To the Alpine Rescue Team - Thanks for doing what you do, guys.

My guess is that it's a rank noob that bought a PRB, thinking it was a transceiver. Purely speculation, but it fits the pattern.


----------



## islandertek (Apr 4, 2008)

El Flaco said:


> To the Alpine Rescue Team - Thanks for doing what you do, guys.
> 
> .


I second El Flaco!! THANKS GUYS!!! A definite selfless act!!


----------



## catwoman (Jun 22, 2009)

and he isn't even a "front ranger"

Rocky Mountain Rescue Group finds ignorant beacon owner who triggered false alarms - Boulder Daily Camera


----------



## bobbuilds (May 12, 2007)

catwoman said:


> and he isn't even a "front ranger"
> 
> Rocky Mountain Rescue Group finds ignorant beacon owner who triggered false alarms - Boulder Daily Camera


see what happens, at least we knew what was going on.


----------



## Canada (Oct 24, 2006)

*Missing fact*

Friggin awesome.

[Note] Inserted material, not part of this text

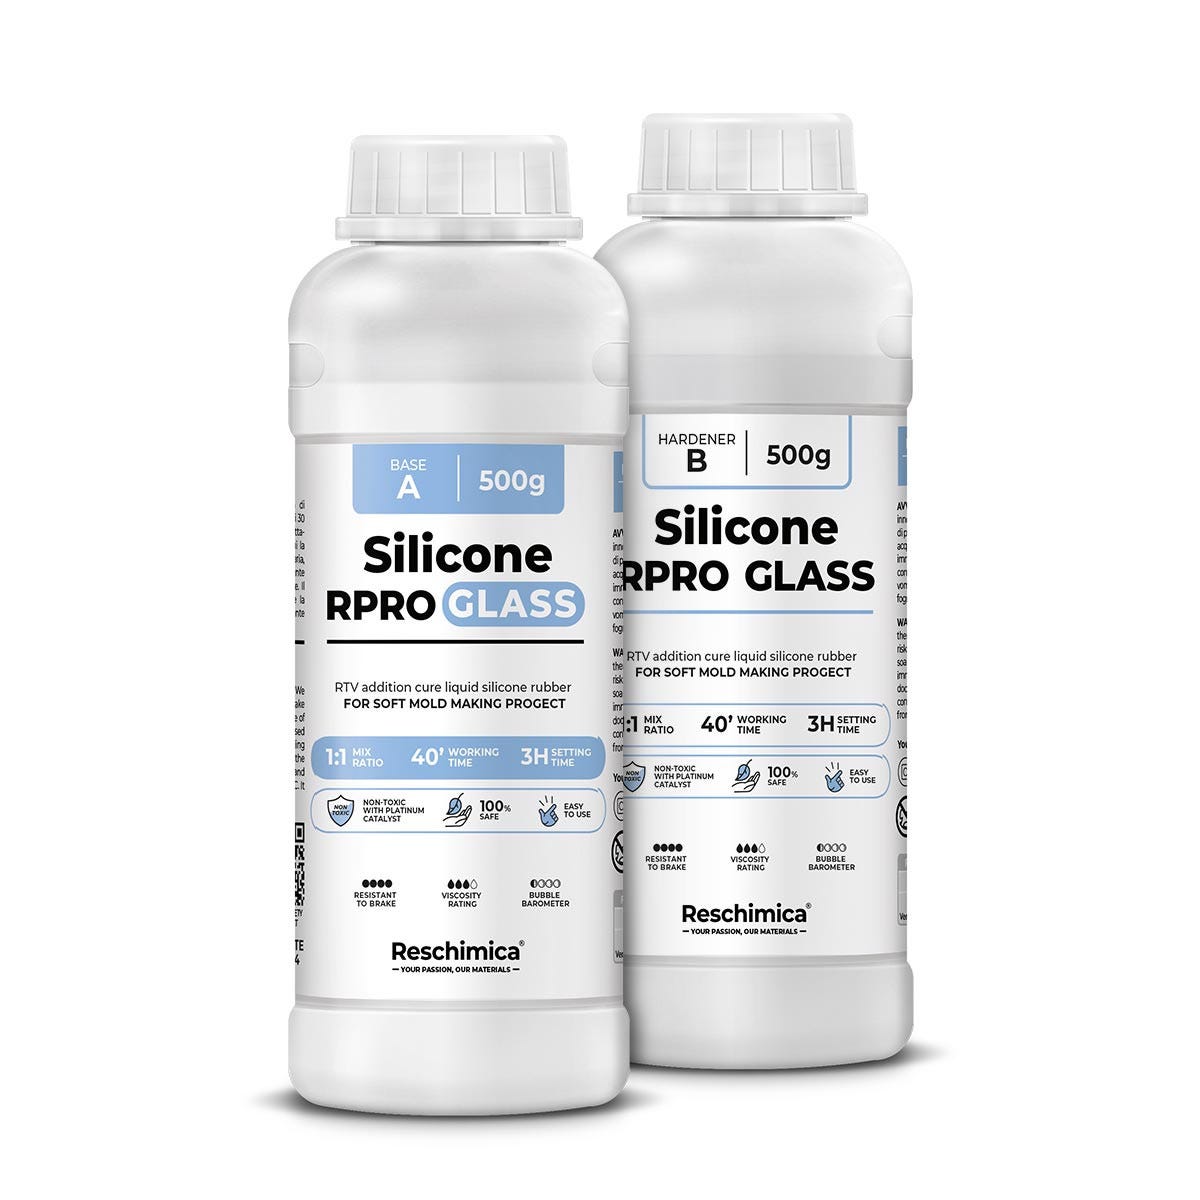 Caoutchouc de silicone translucide 1:1 R PRO GLASS, idéal pour les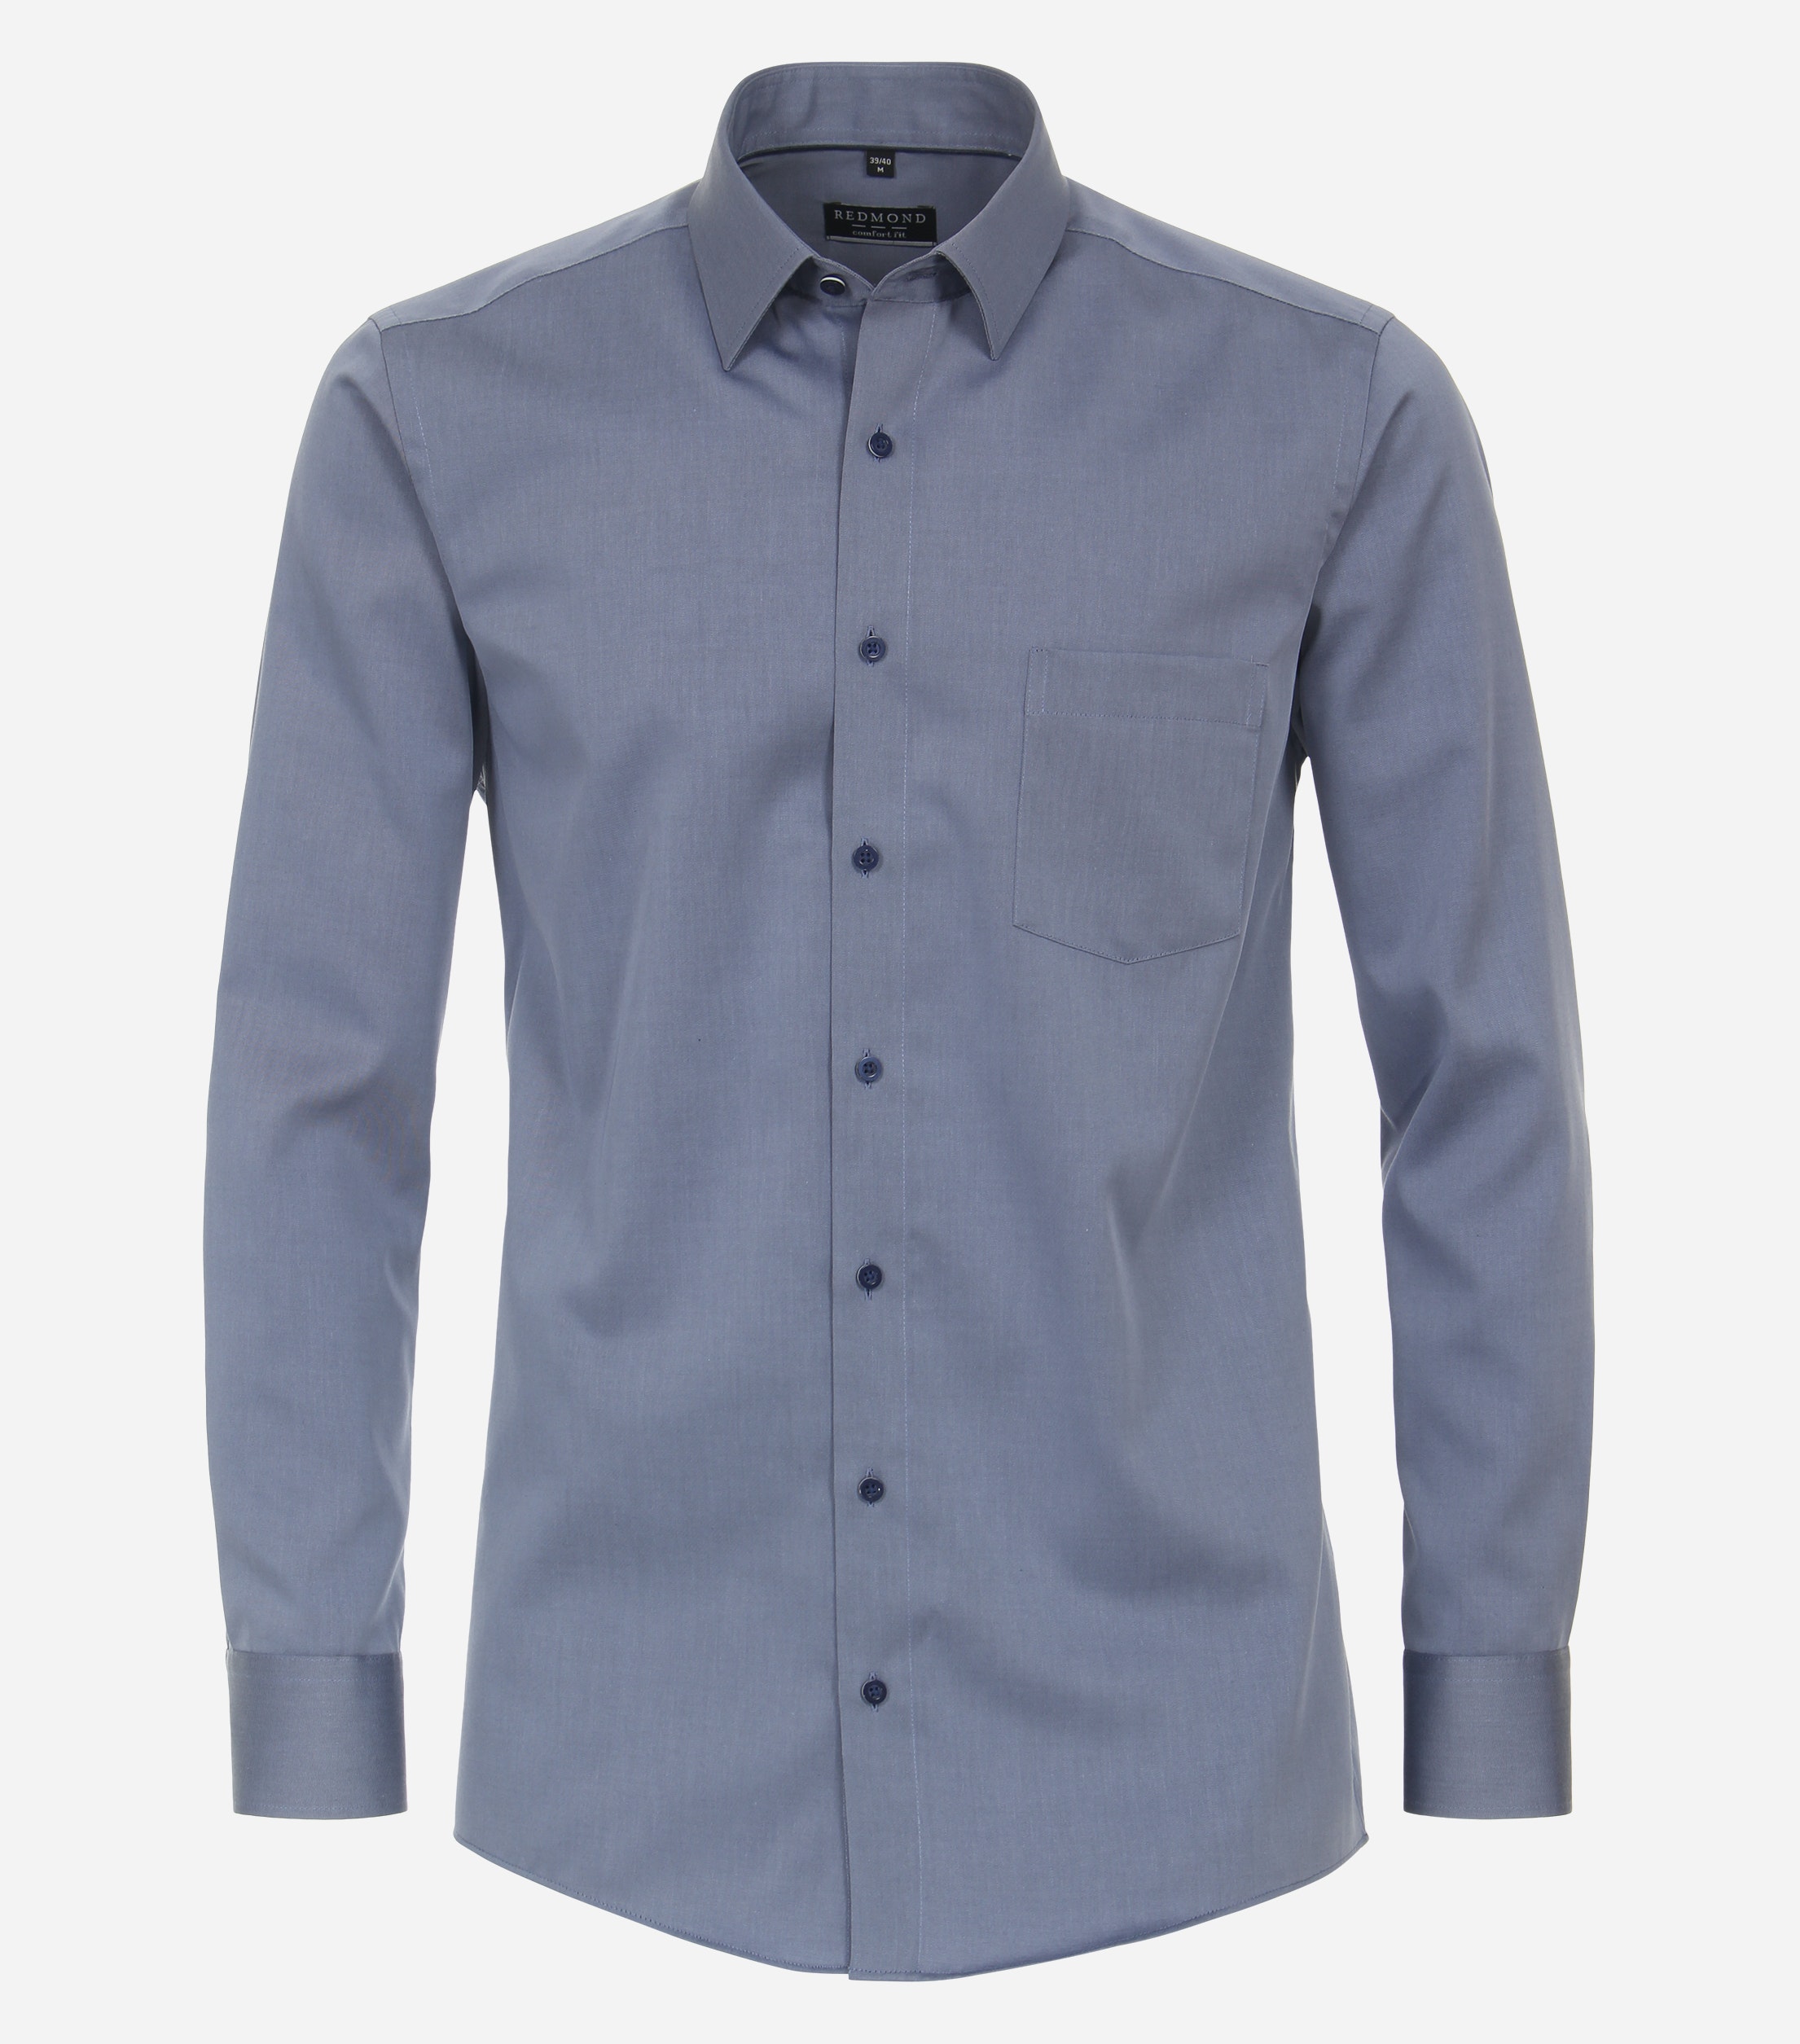 Redmond comfort fit overhemd, popeline, blauw

It must be so hard to be a first responder. So, was he a boarder or a skier? A fact that will allow us countless hours of ribbing of friends.


----------



## tacocat (May 26, 2008)

My ACR beacon came with tape around it that said "do not activate this beacon unless loss of life or limb are immanent" I thought that made it pretty clear. They are are also supposed to be registered.


----------



## paddlebizzle (Oct 15, 2003)

Canada said:


> So, was he a boarder or a skier? A fact that will allow us countless hours of ribbing of friends.


Yes! Was a a knuckledragger or a steeze queen? We shouldn't let this one die.


----------